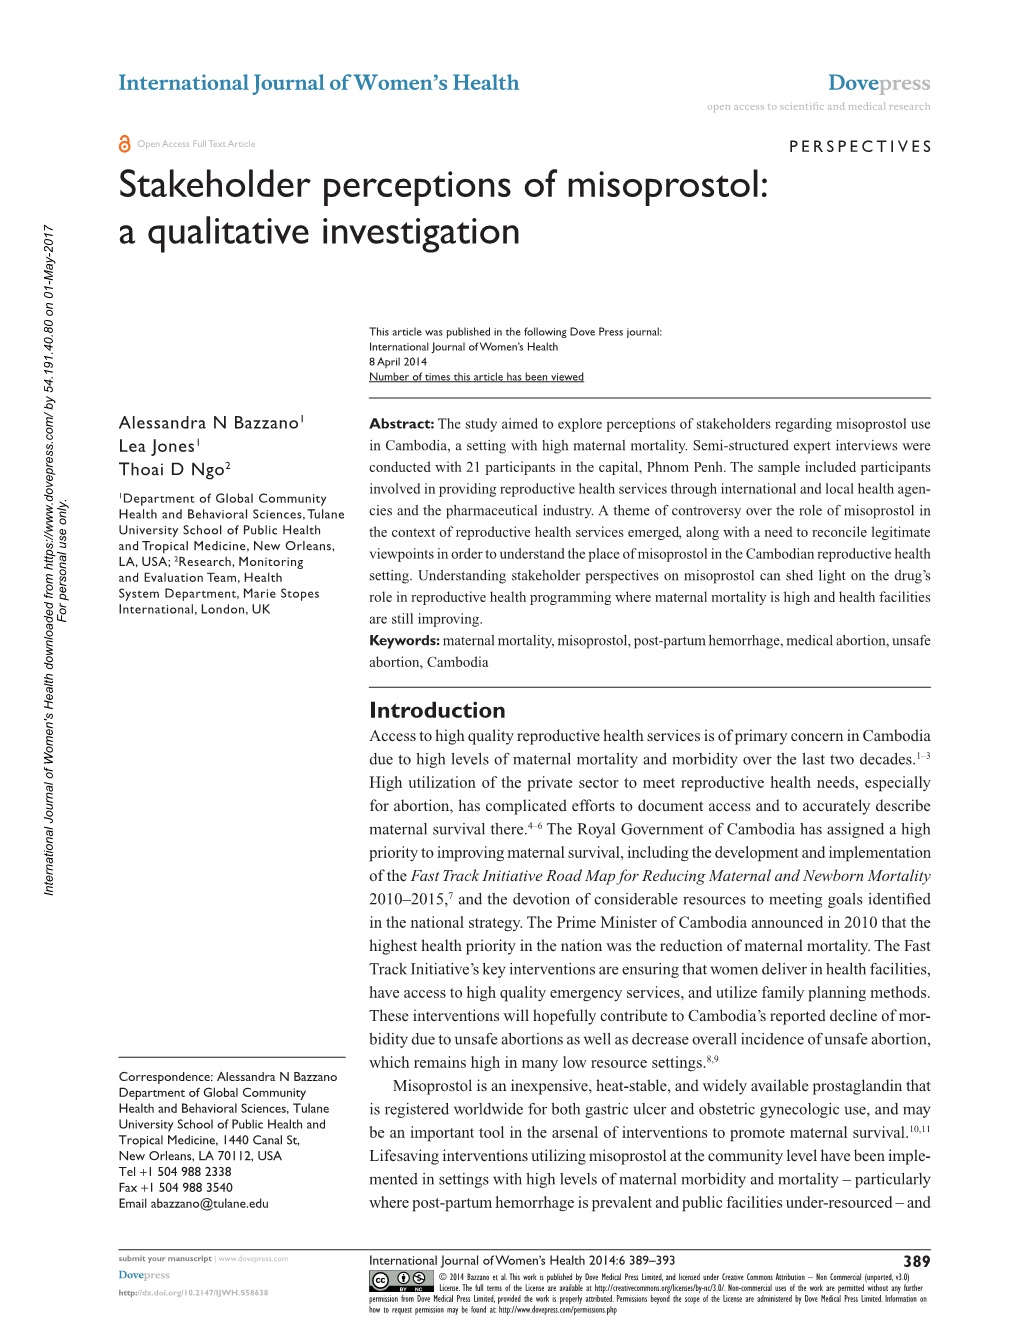 Stakeholder Perceptions of Misoprostol: a Qualitative Investigation
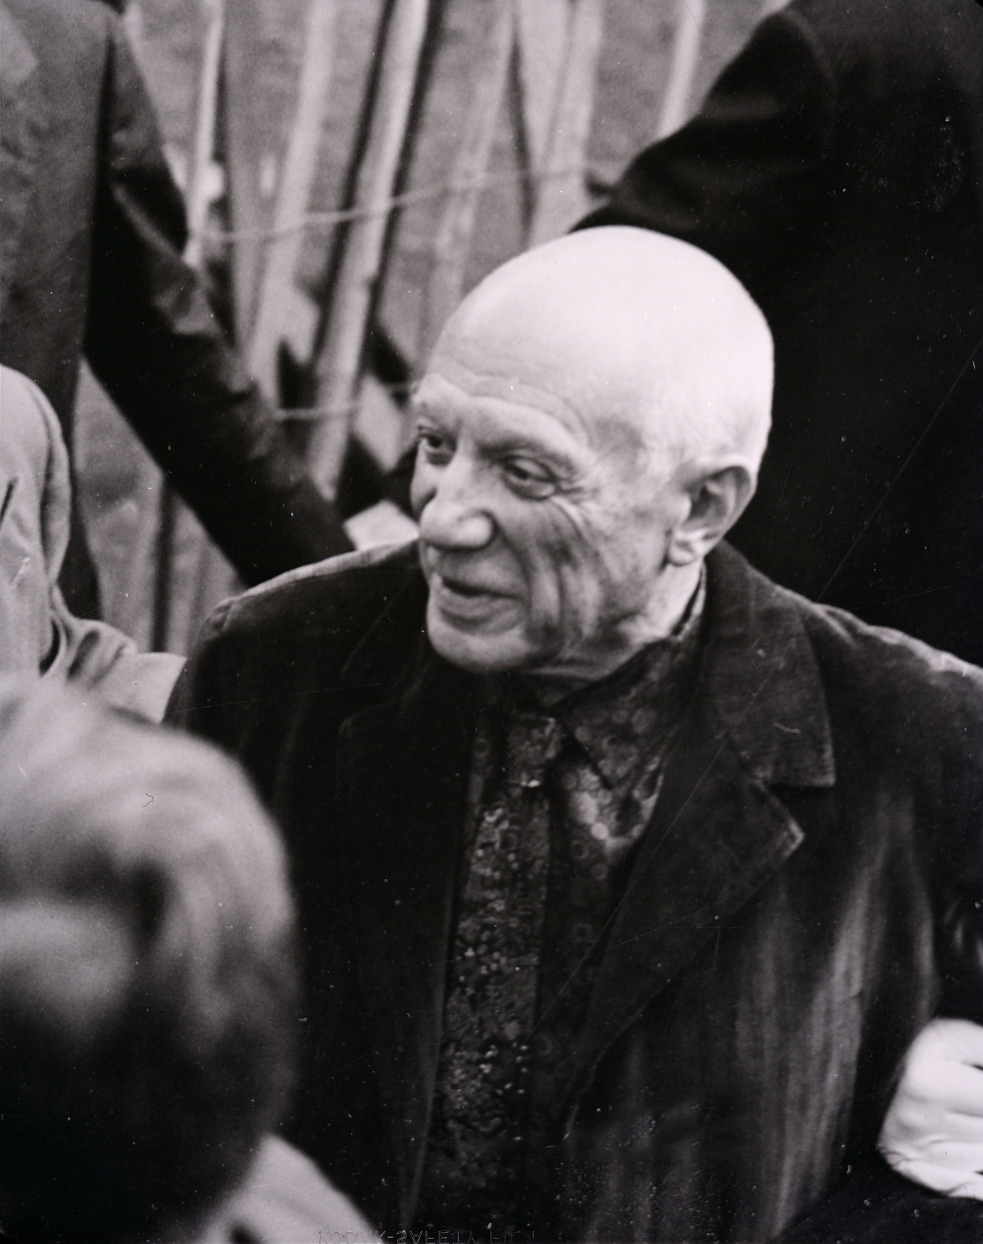 Pablo Picasso pictured in 1953.
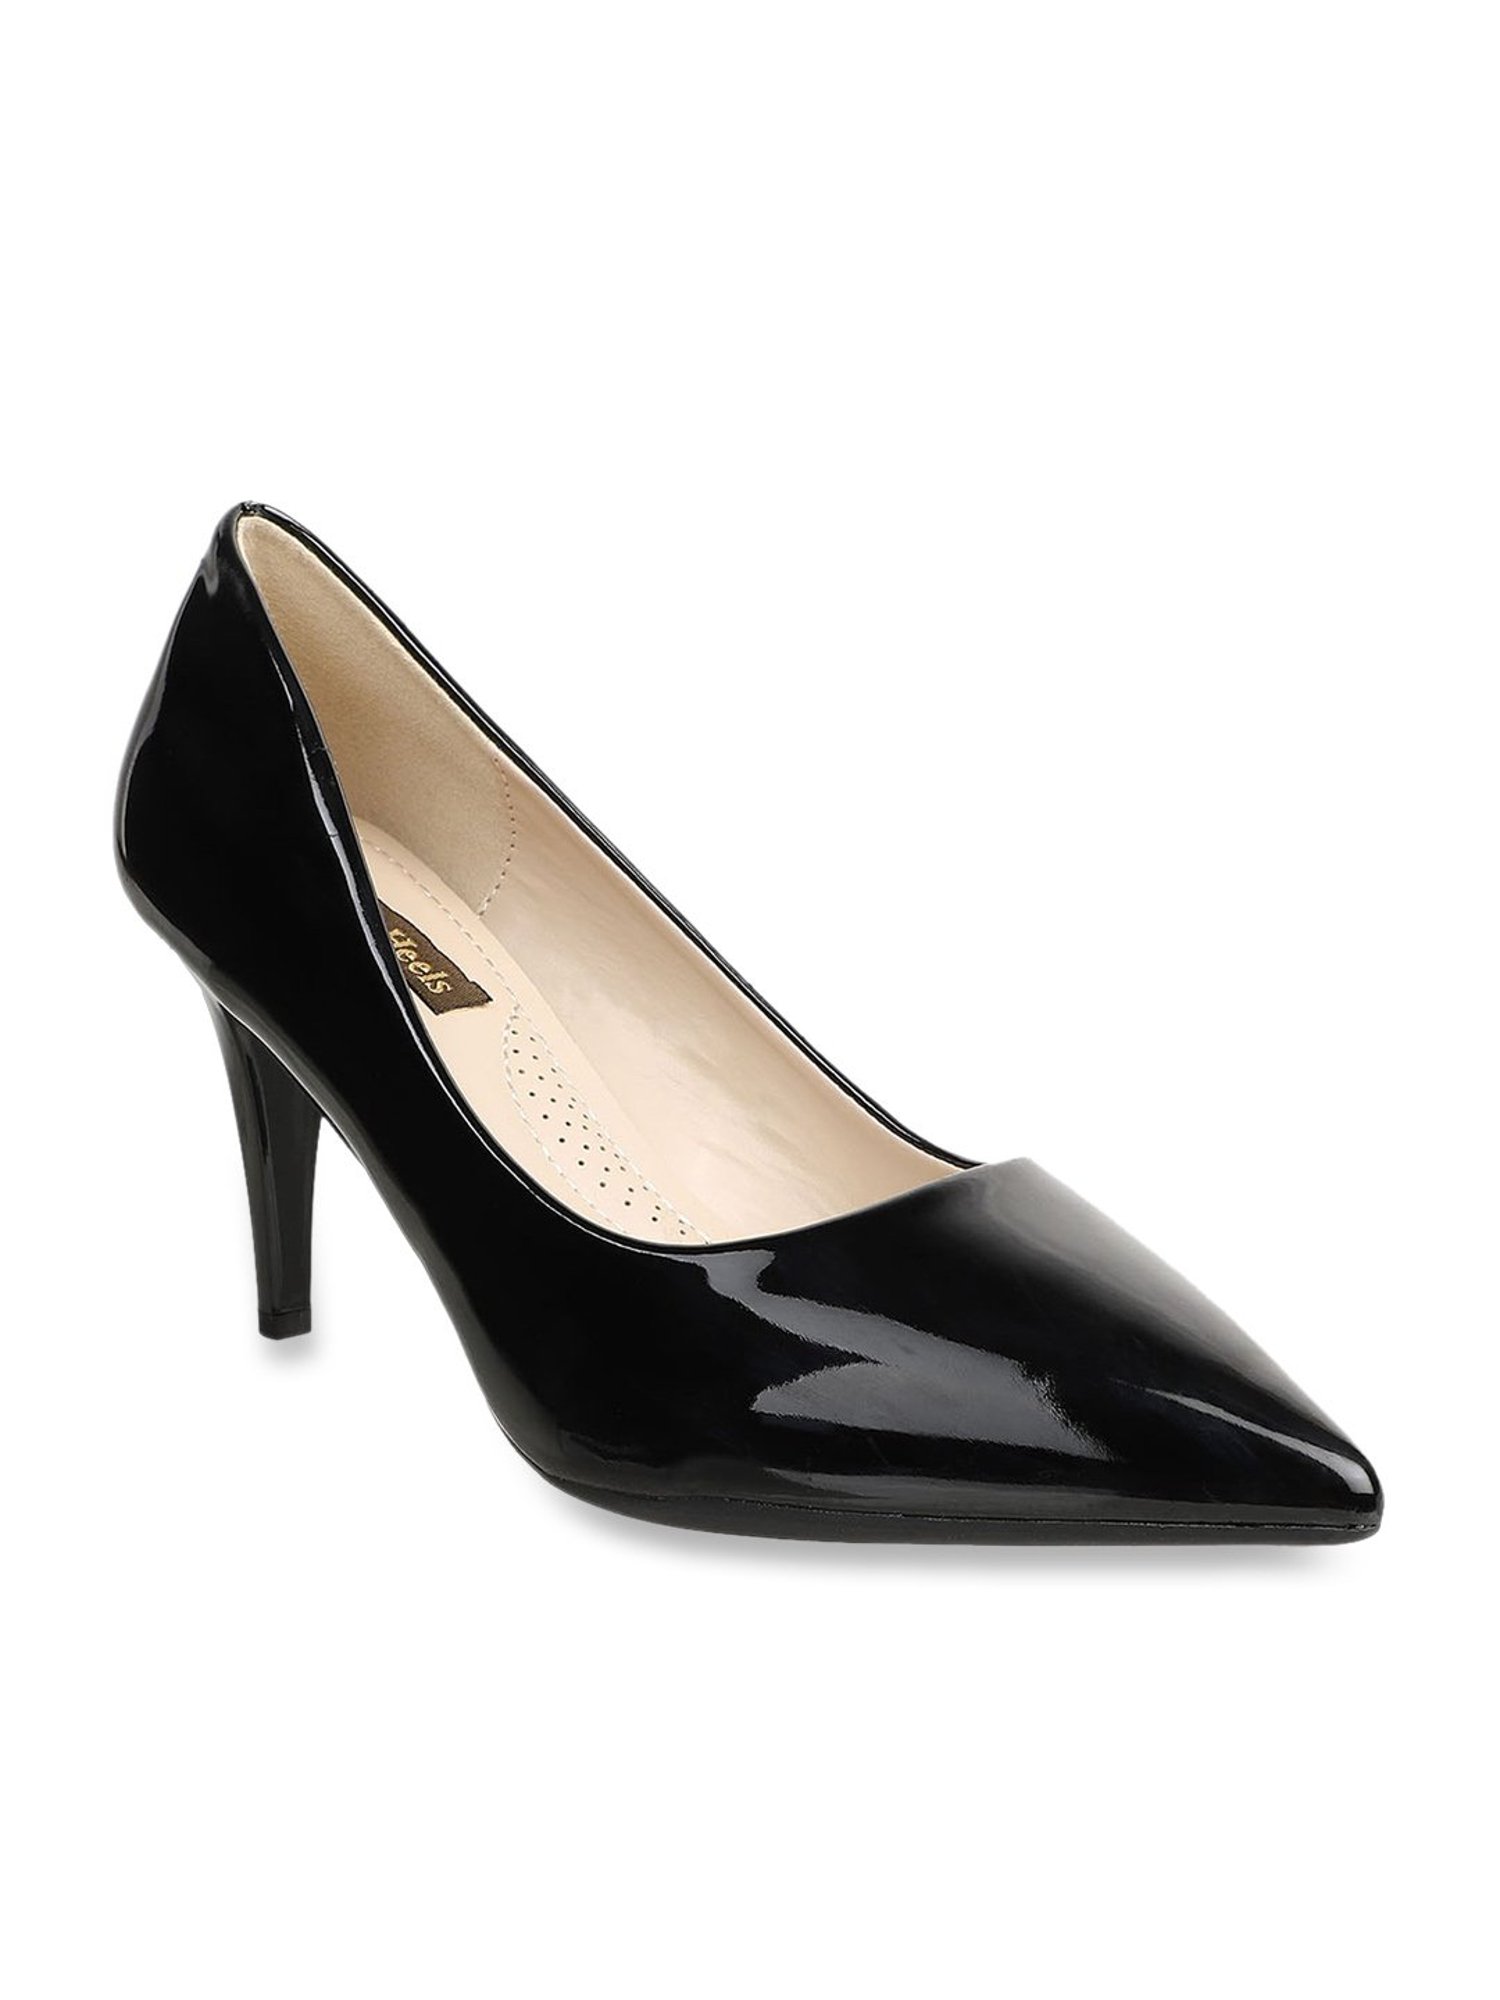 NeroGiardini Black Patent Leather High Heels - Pasma Shoes

⁂

(WHAT IS EXPECTED): Any picture in the data is to be skipped, while each line is returned exactly as written.

(TASK SOLUTION):
 Stakeholder Perceptions of Misoprostol: a Qualitative Investigation
 Pablo Picasso pictured in 1953.
 NeroGiardini Black Patent Leather High Heels - Pasma Shoes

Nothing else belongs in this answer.